This is a wonderful idea founded on solid research with a nice implementation. It iw a well-estblished idea elsewhere: e.g., SelectKBest.
But I find some variables that are clearly, consistently helpful (like earnings estimate revisions) with top buckets that are very significantly elevated on a rank performance test. The factors are significant in a practical and statistical sense yet are zero with this metric.
Why?
-
I am fooled and features I thought were important are useless in reality.
-
The NAs create enough noise that the importance of the top buckets is masked for the mutual_information_regression metric.
I am sure it is the latter. The NAs affecting the rank performance test has been a continuous problem that has been difficult to solve. But with tree based models you have a trivial solution.
The link to the solution is here: Suggestions for improvements - #5
I note @pitmaster gave the idea a thumbs up.
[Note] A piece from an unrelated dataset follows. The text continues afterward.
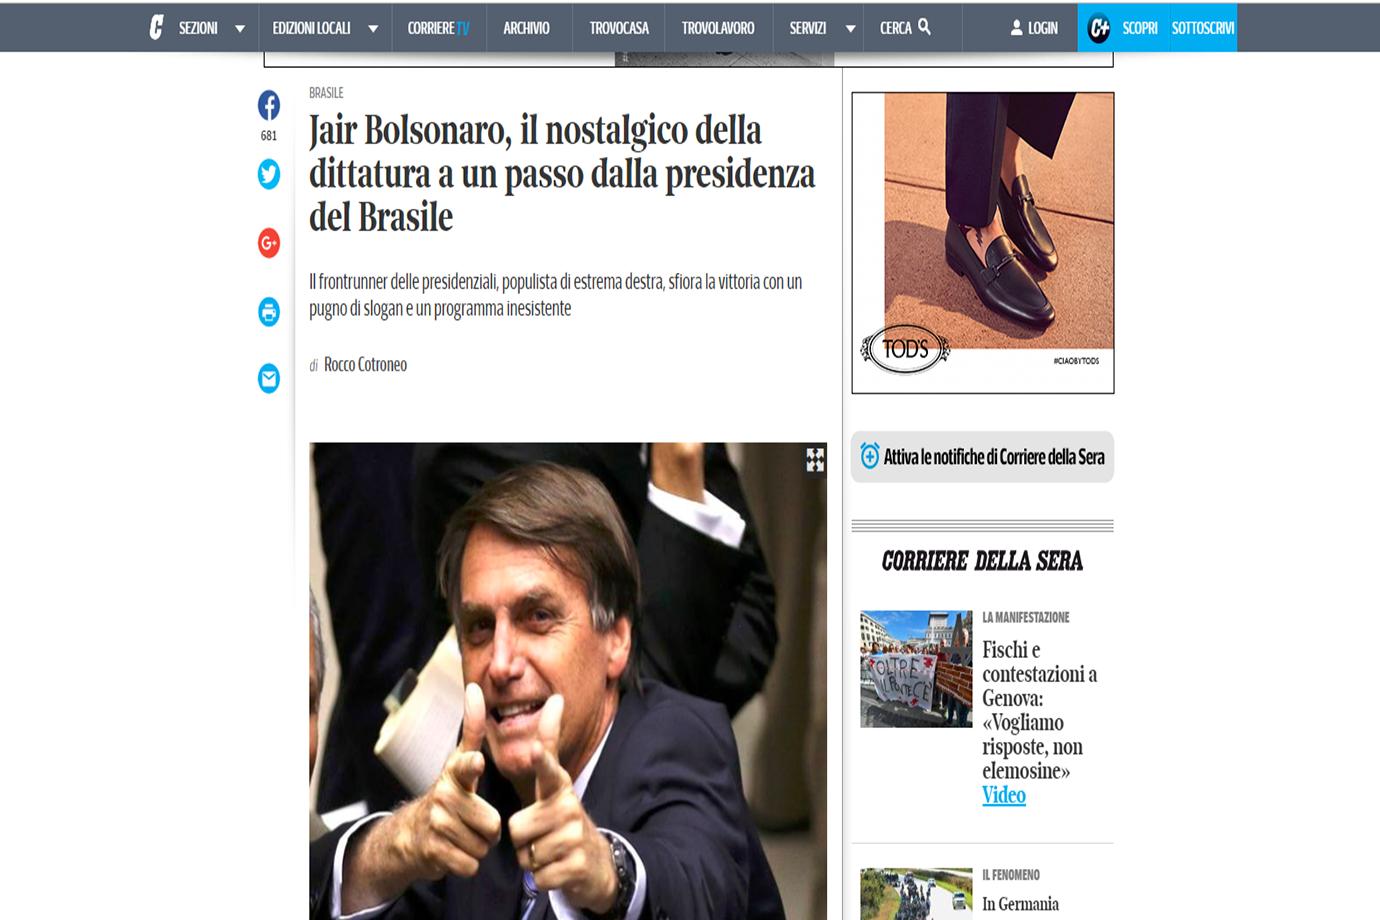 """Corriere della Sera: """"Jair Bolsonaro, o nostálgico da ditadura a um passo da presidência do Brasil"""""""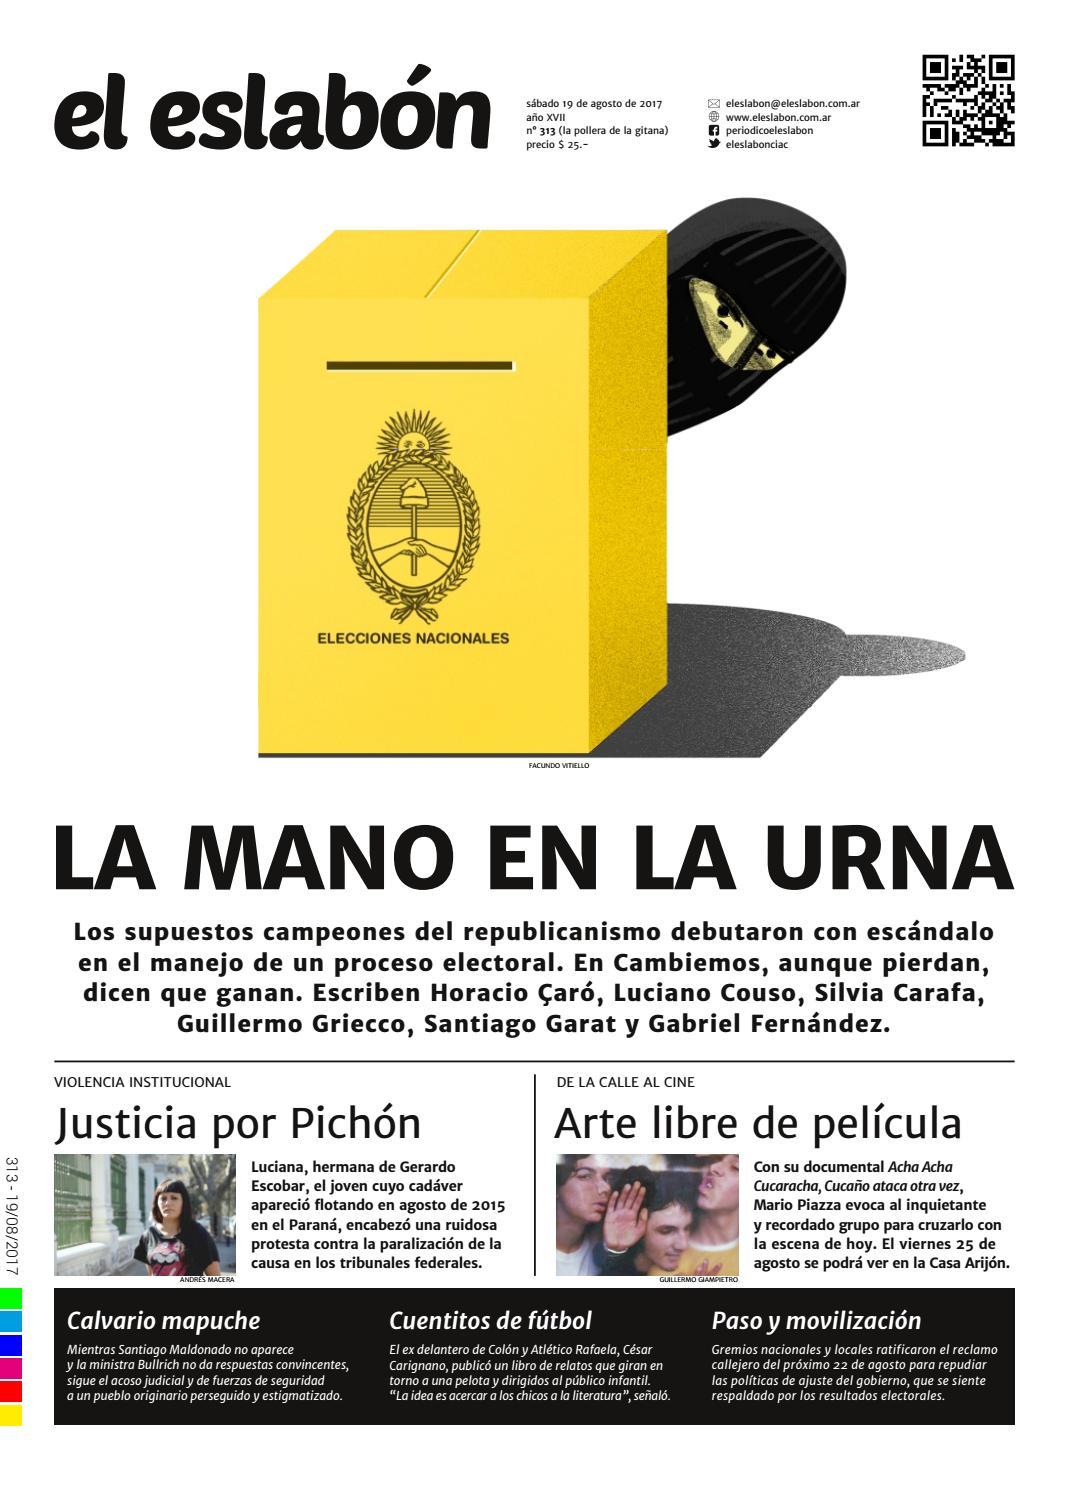 el eslabón 313 by El Eslabón de la Cadena Informativa - issuu

Without involving me you might contact Pitmaster and get his frank ideas. I am sure he would share his ideas on the topic with you. Think about it in greater depth.
To sumarize, making NAs into a negative rank completely separates them from the rest of the data, For tree models, this preserves meaningful information about NAs. A tree model can easily split out that data about NAs or include it when "deciding" whether to do a split.
If Pitmaster really the after thinking about it for a while, it could solve a lot of continuous problems that will keep popping up. Or maybe he will find a problem I have not thought of with my idea. I would be happy to join any discussion with your AI expert, Pitmaster, bobmc and others if you pursue this idea further.
For example one example of a particular feature that would benefit, implementing SelectKBest. is absolutely brilliant!!! Of course, it would be nice if it worked to separate out meaningless features with no information (as it was designed to do). I think the NAs are the problem.
Of course, i might be missing something about mutual_information_regression and if so I would love to better understand.
Jim